Greece has not been included in the extreme group at the wrong end of the spectrum because even within this group Greece would be an outlier.
Greece’s problems are not so much caused by the global crisis but by a long period of economic mismanagement, undue rigidities suppressing the spirit of innovation and competitiveness, and fiscal evasion on massive scale in an engrained culture of public sector corruption and social benefits fraud.
In the middle close to the point of general equilibrium are a group of countries led by France and Italy comprising Belgium, Slovakia, Slovenia, Cyprus and Malta.
This middle group shows general equilibrium with respectable balance of payments position, slow but positive growth, a healthy banking system underpinned by strong domestic thrift culture, and a fiscal position which although outside the normal Maastricht criteria remains acceptable in the context of a global recession and is expected to continue improving through a combination of increased fiscal revenues from normal growth and mild austerity measures. Where do we go from here?
Two reflections first.
For all self-criticism about our state of things when examined from the outside looking in, we are quite in shape.
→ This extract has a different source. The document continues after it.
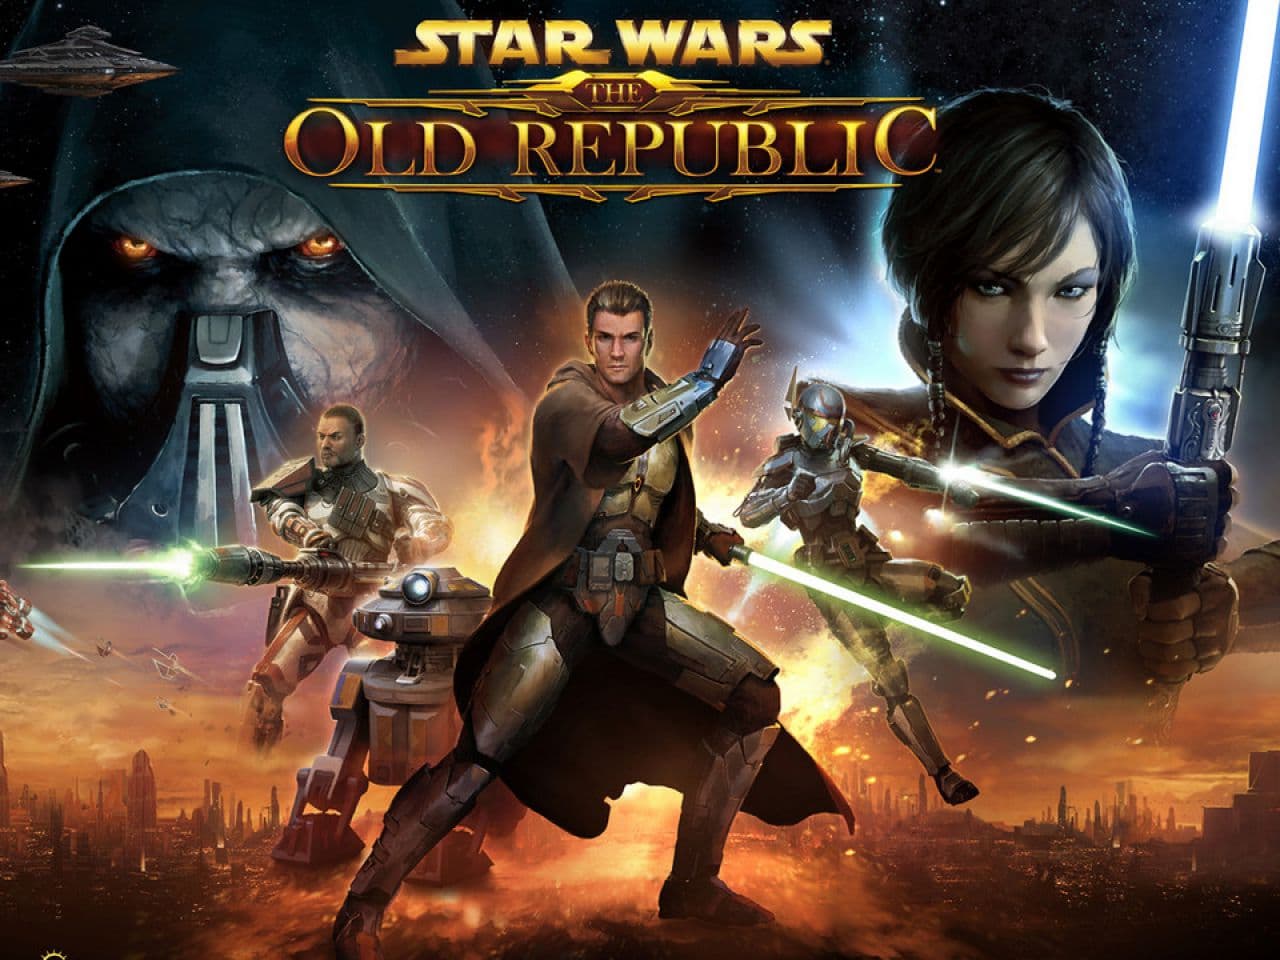 Star Wars: The Old Republic uscito su Steam

Of course we should be much better given that we are nursing a substantial accumulation of national debt over the last quarter century which is not reflected in the state and quality of our infrastructure.
But as a nation, rather than as a government, we have been prudent and hardworking, we have avoided leverage exposure to foreign lenders and we have kept this a fairly good place to live or visit, with a quality of life superior to what pure financial per capita income would tend to suggest.
With careful and well planned investment, avoiding the sort of tragicomedies we are experiencing in the Delimara power station extension contract, we can make this a much better place and can render our economy more competitive and stable.
Secondly we are living in times of extremes.
Half of the economic cadre, the likes of Paul Krugman in the US and Martin Wolf in UK, argue that governments need to continue stimulating the economy to create demand as otherwise the contraction in consumption could lead the economies of US and UK into a dangerous depression which it would be very painful to recover from.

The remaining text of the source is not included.